=== Section Start ===
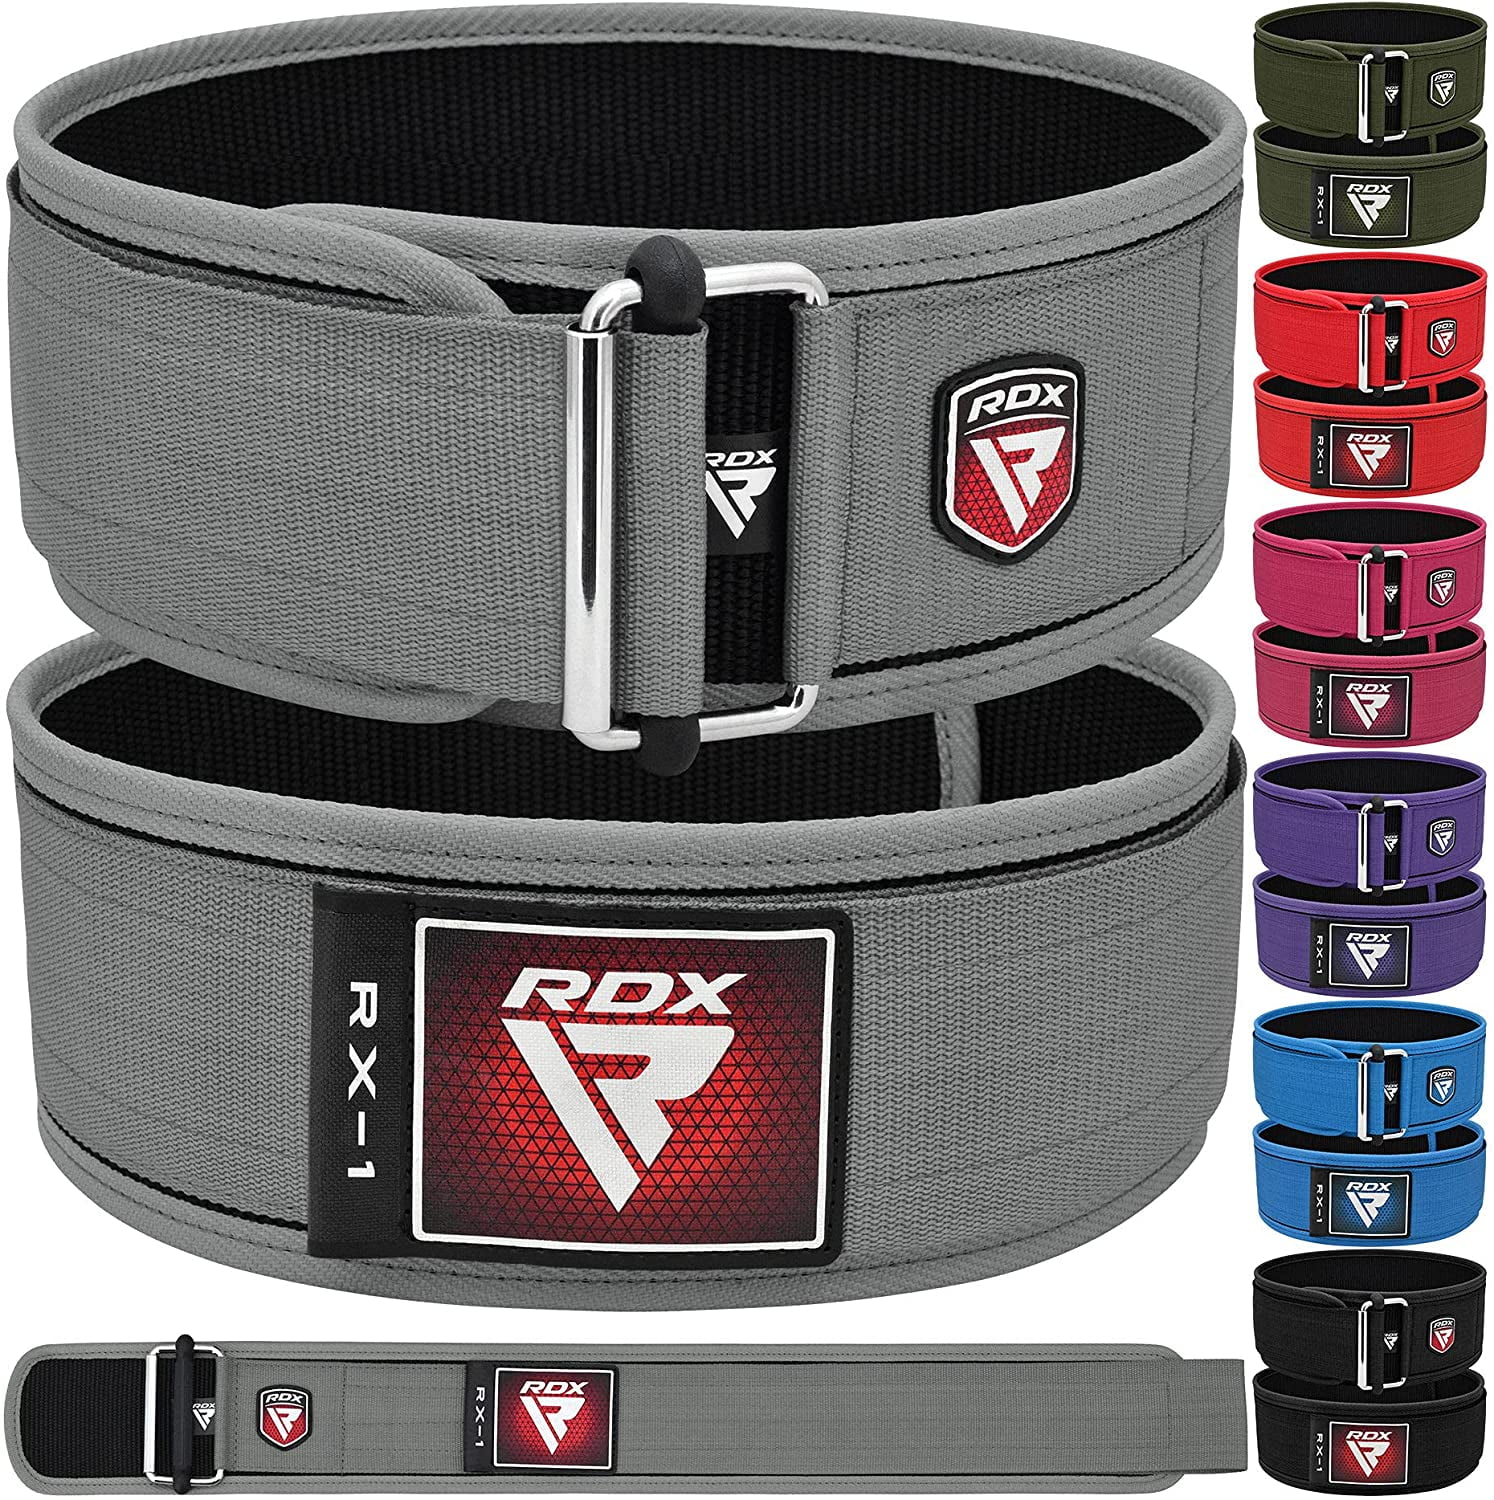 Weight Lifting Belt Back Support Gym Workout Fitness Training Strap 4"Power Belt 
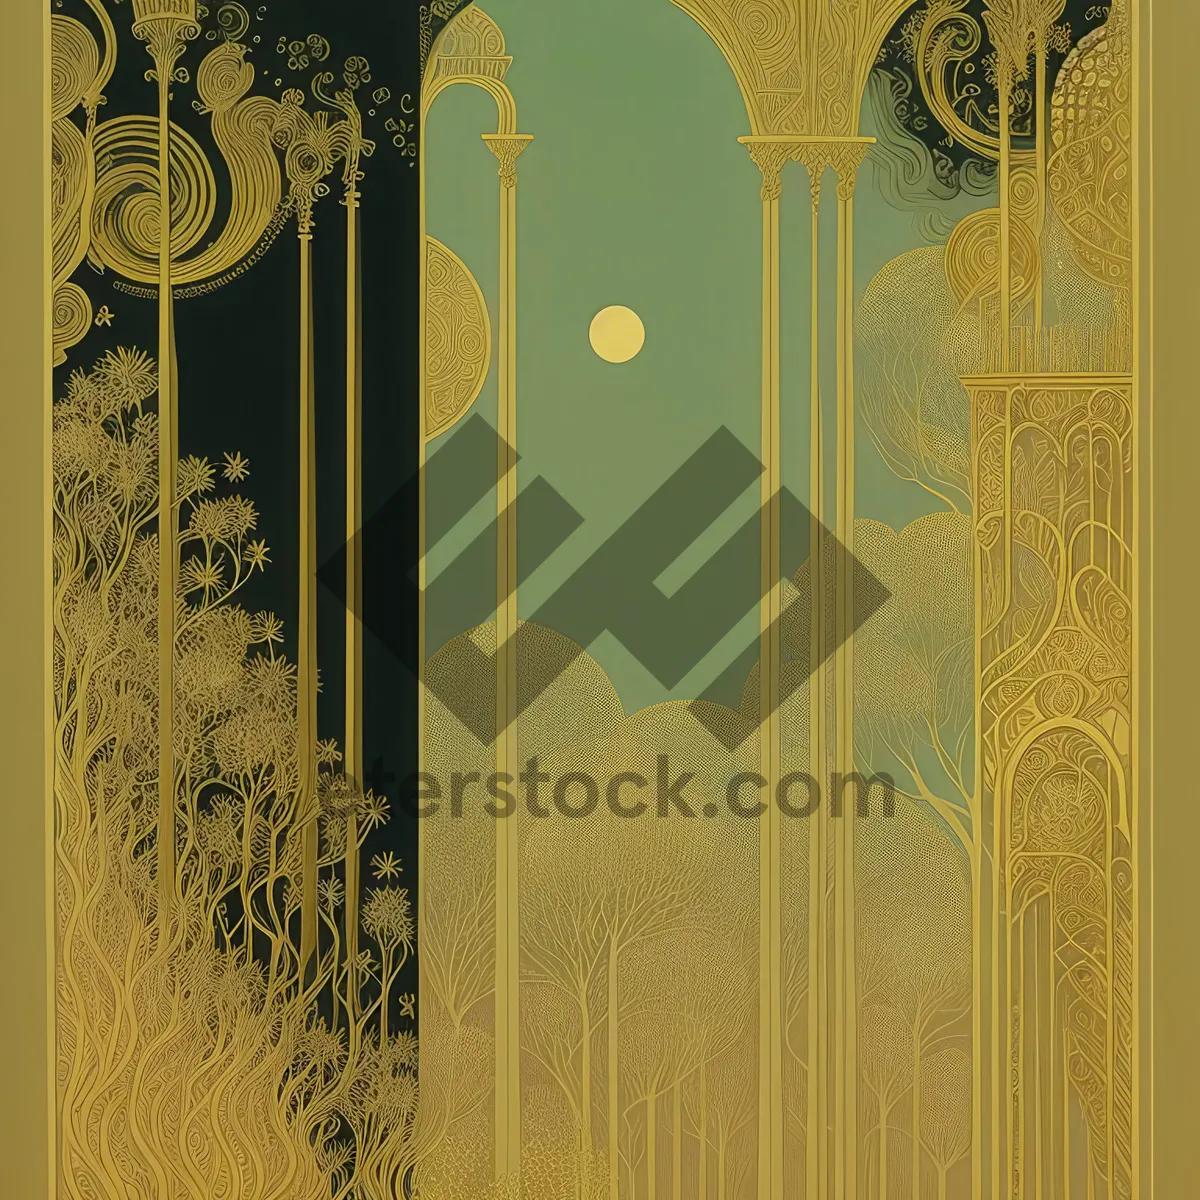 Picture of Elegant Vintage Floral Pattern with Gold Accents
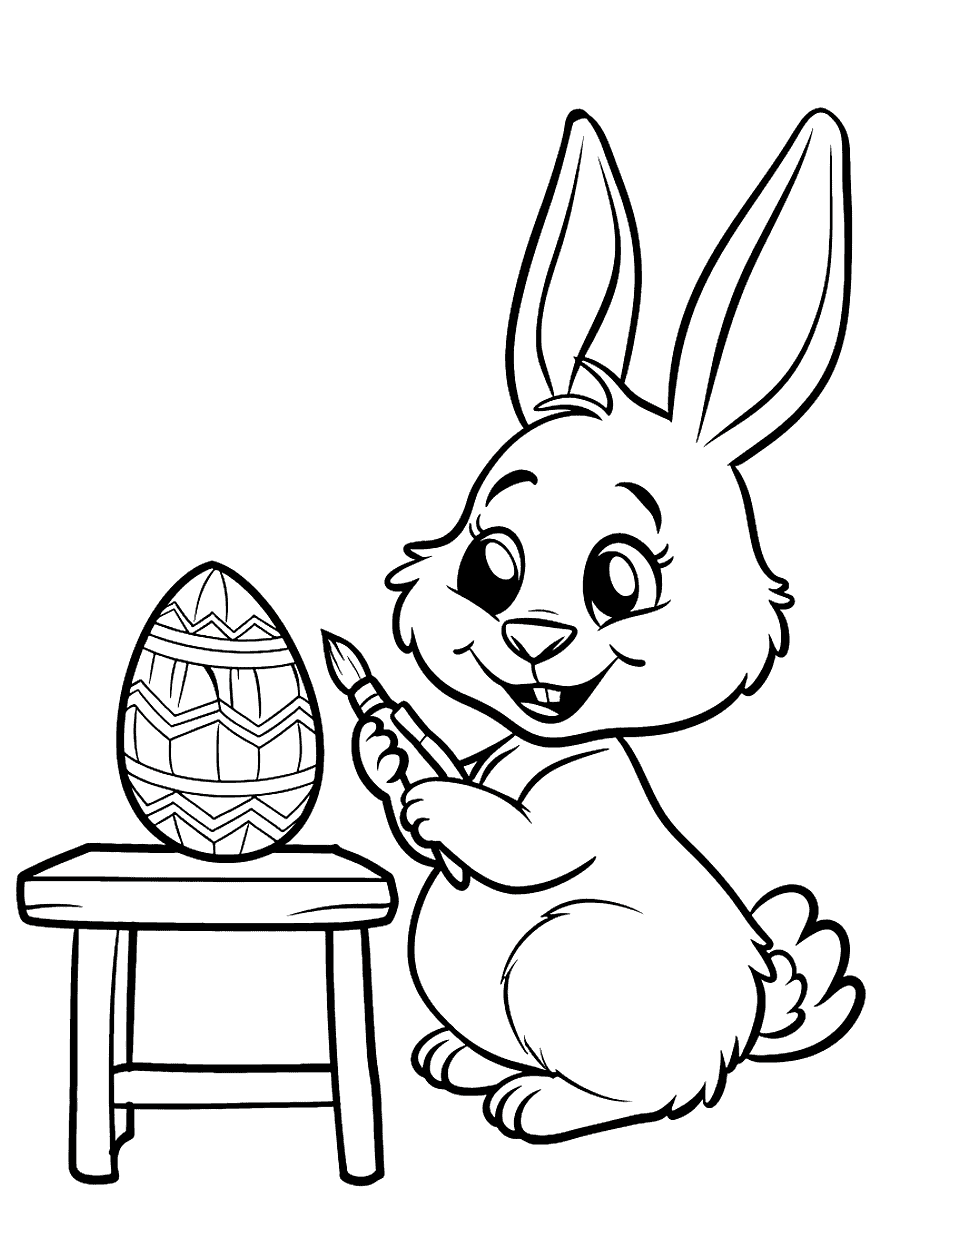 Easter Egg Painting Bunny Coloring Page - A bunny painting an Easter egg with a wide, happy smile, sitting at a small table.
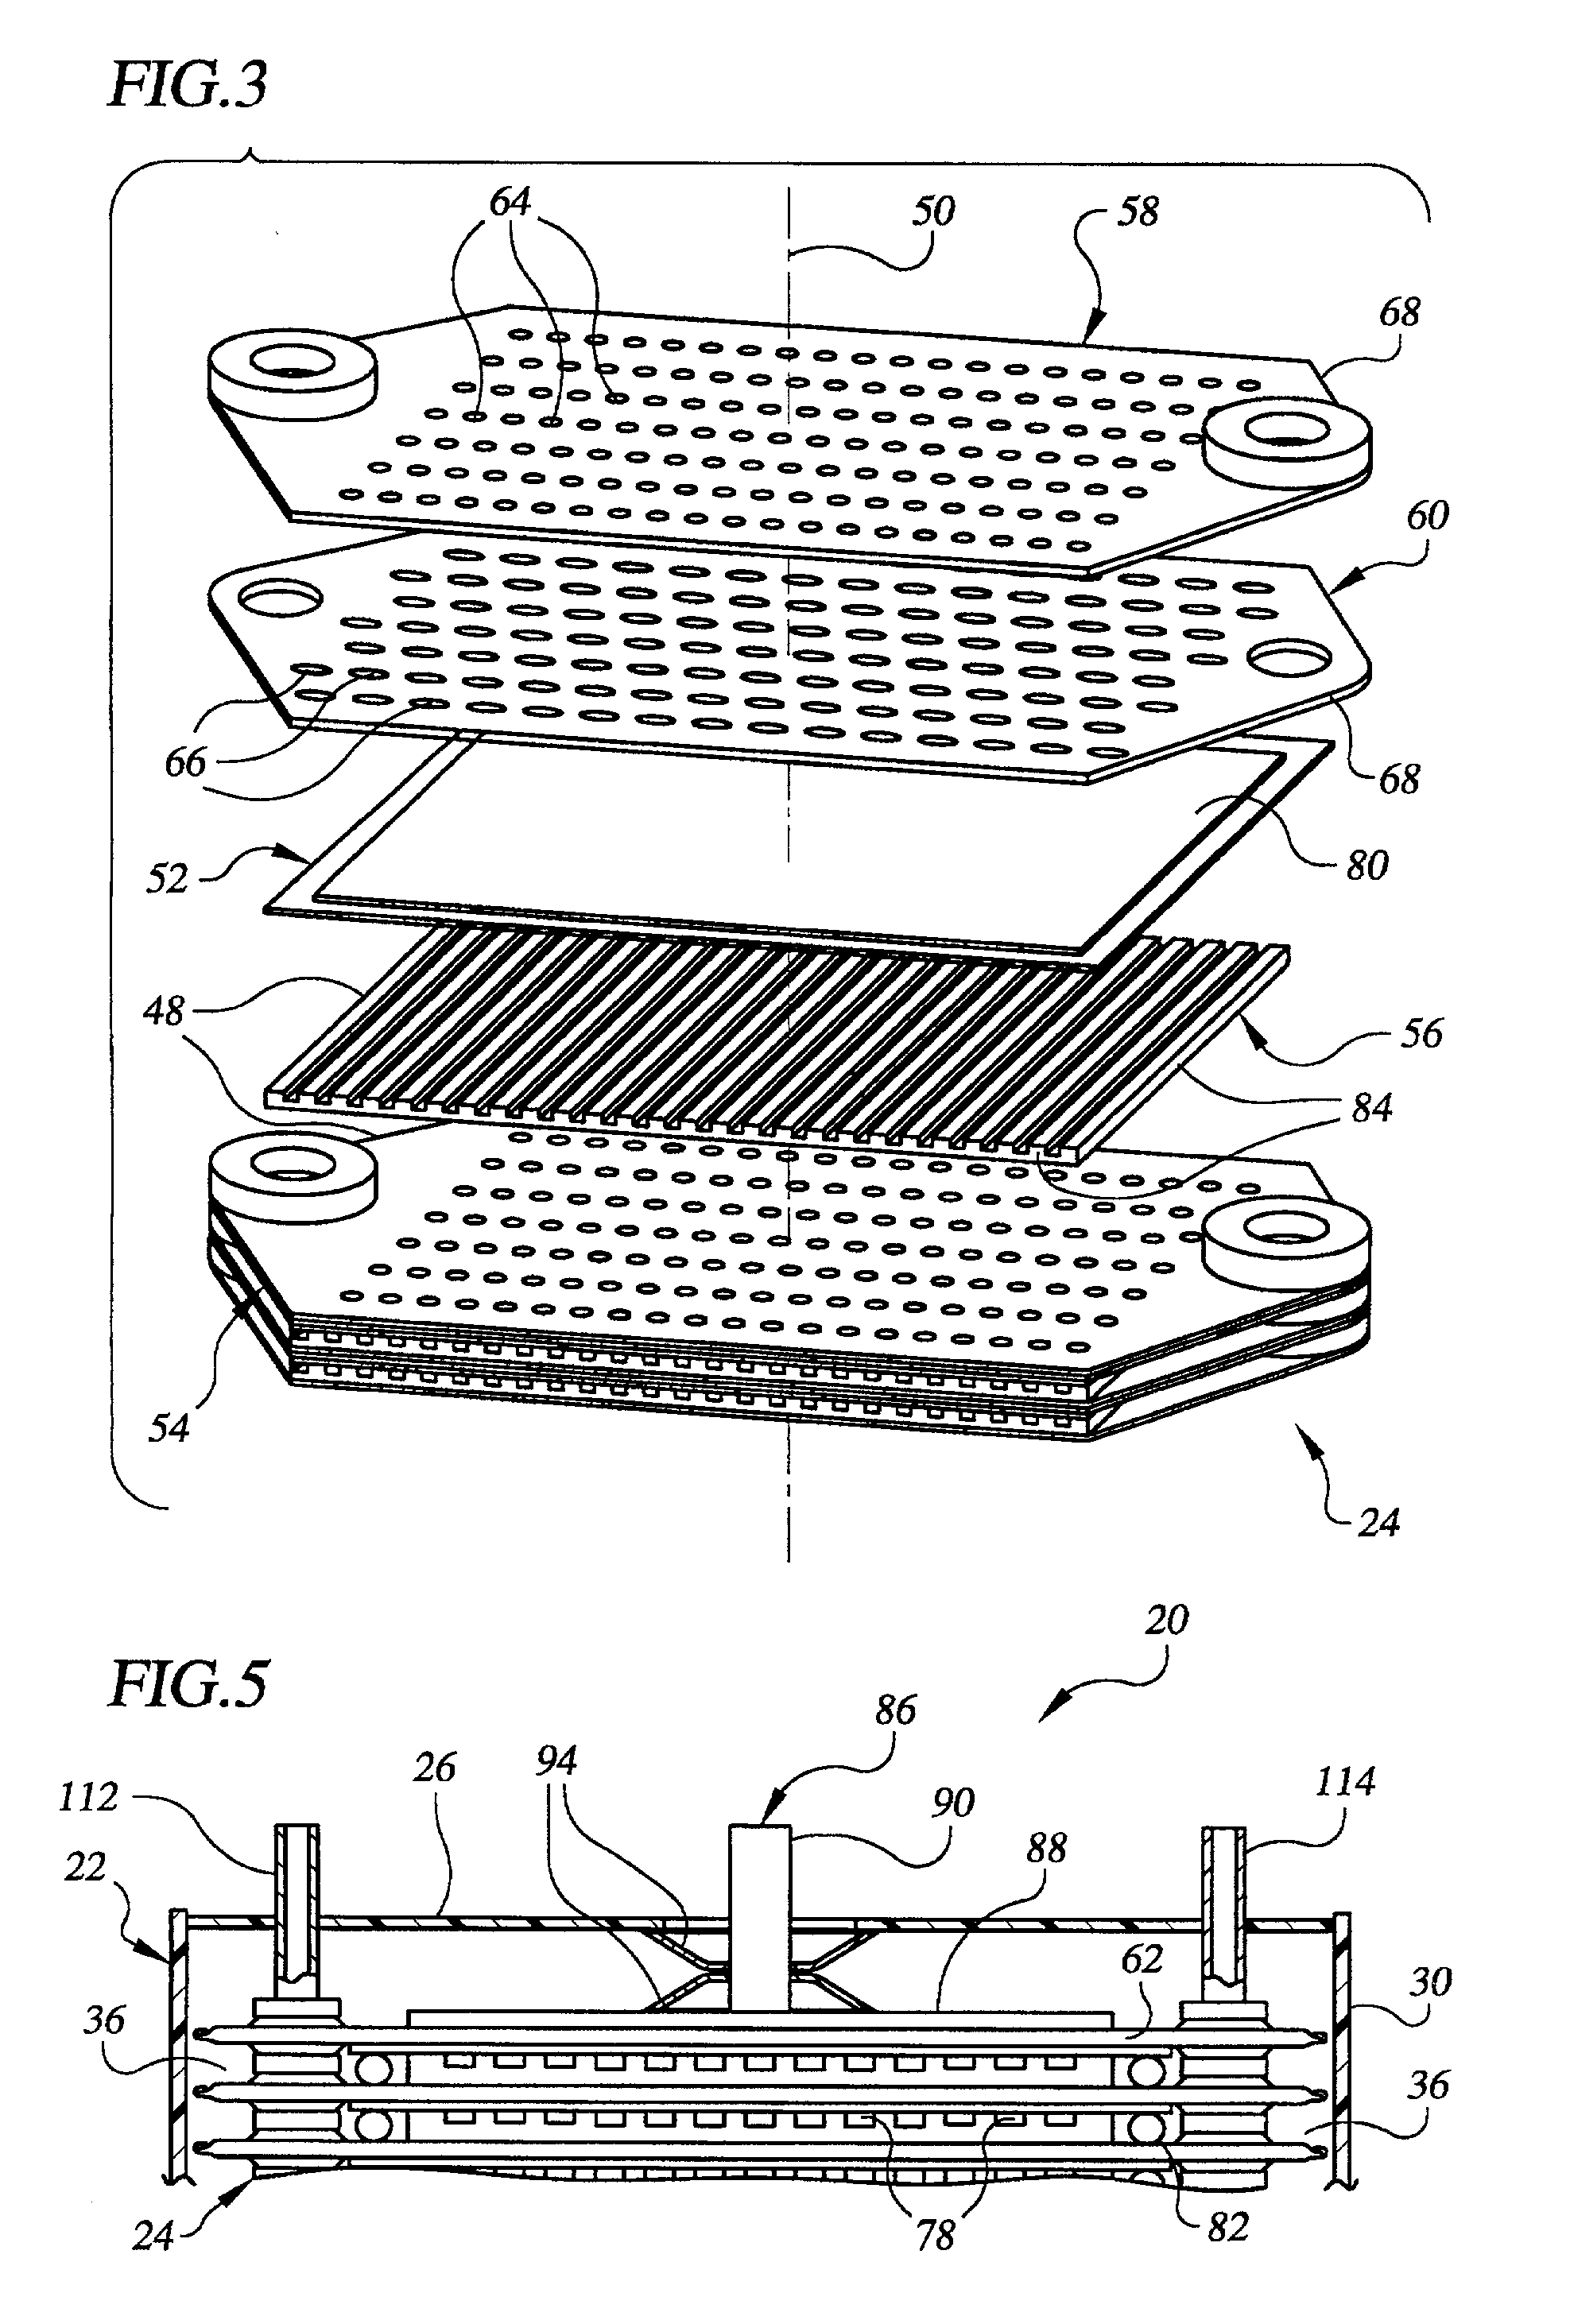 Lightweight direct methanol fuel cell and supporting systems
=== Section End ===
▶ Task details: Retype everything in the material word for word, minus pictures.

▶ Output for this exercise:
 Weight Lifting Belt Back Support Gym Workout Fitness Training Strap 4"Power Belt 
 Picture of Elegant Vintage Floral Pattern with Gold Accents
 Easter Egg Painting Bunny Coloring Page - A bunny painting an Easter egg with a wide, happy smile, sitting at a small table.
 Lightweight direct methanol fuel cell and supporting systems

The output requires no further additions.